Cosmological scalar perturbations for a metric reconstructed from group field theory

TL;DR

This paper develops a method to describe scalar cosmological perturbations within group field theory (GFT), revealing differences from general relativity and highlighting the need for further refinement for realistic cosmological modeling.

Contribution

It introduces a novel approach to reconstruct an effective spacetime metric in GFT that includes scalar perturbations and analyzes their dynamics, which differ from classical GR predictions.

Findings

Perturbations include all scalar components of standard theory.

Inhomogeneities do not follow GR dynamics in the studied simple GFT model.

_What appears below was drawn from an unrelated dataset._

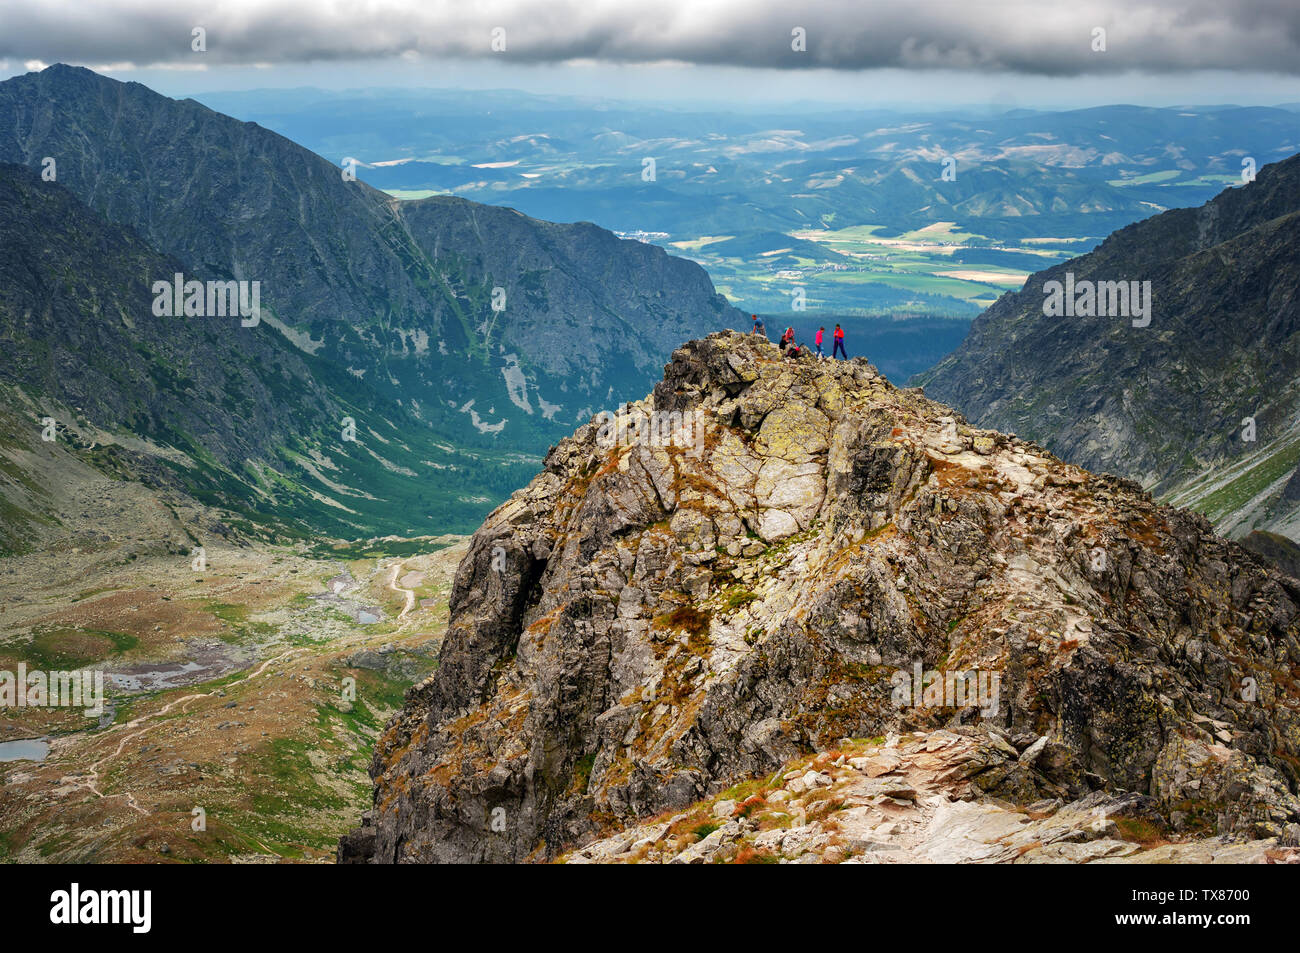 Mountain Alti Tatra National Park Foto Stock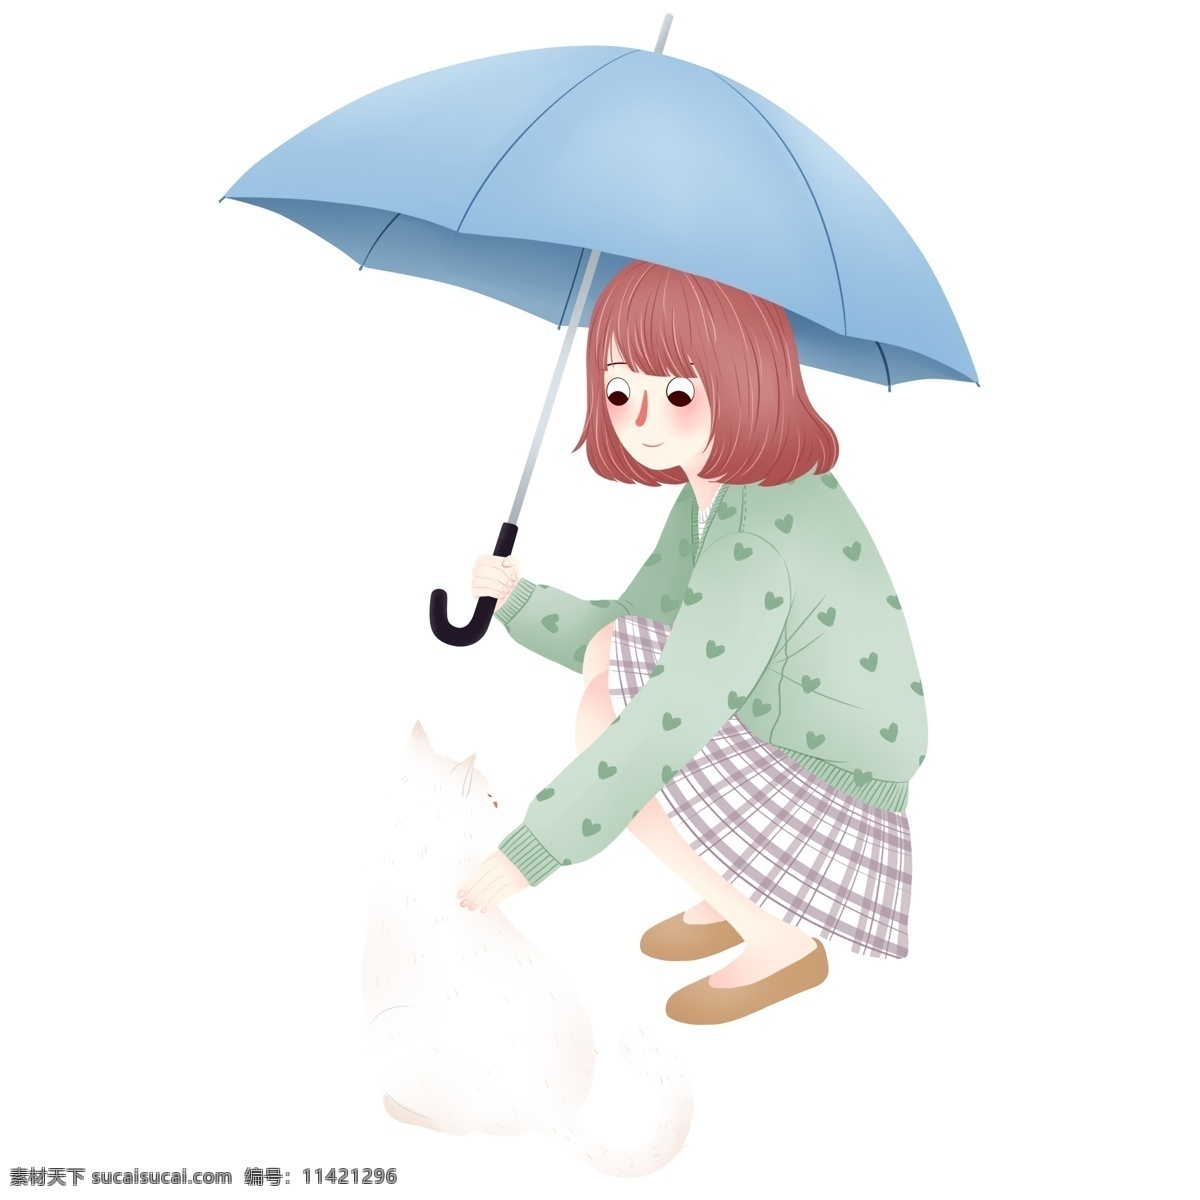 撑 伞 女孩 猫咪 图案 元素 雨伞 卡通 设计元素 简约 手绘 手绘图案 创意元素 手绘元素 psd元素

Squeezed and oscillating modes exhibit non-GR signatures and different signatures.

Abstract

While homogeneous cosmologies have long been studied in the group field theory (GFT) approach to quantum gravity, including a quantum description of cosmological perturbations is highly non-trivial. Here we apply a recent proposal for reconstructing an effective spacetime metric in GFT to the case of a metric with small inhomogeneities over a homogeneous background. We detail the procedure and give general expressions for cosmological scalar perturbations defined in terms of the GFT energy-momentum tensor. These include all the scalar components of standard perturbation theory and hence can be used to define gauge-invariant quantities. This is a major advantage of the effective metric approach compared to previous GFT studies limited to volume perturbations. We compute these perturbations explicitly for a particular Fock coherent state. While it was previously shown that such a state can be interpreted as an approximately flat homogeneous cosmology at late times, here we find that, in a very simple example, inhomogeneities do not follow the dynamics of general relativity in the semiclassical regime. More specifically, restricting ourselves to a specific coherent state in a simple (free) GFT, we study two types of perturbative GFT modes, squeezed and oscillating modes. For squeezed modes we find perturbation equations with Euclidean signature and a late-time limit that differs from general relativistic perturbation equations. Oscillating modes satisfy different dynamical equations that also differ from those of general relativity, but show a Lorentzian signature. Considering that our results were obtained within a number of simplifying assumptions [...], we discuss how going beyond these assumptions could lead to a more desirable phenomenology. Overall, our analysis should be understood as a first step in understanding cosmological perturbations within the effective GFT metric.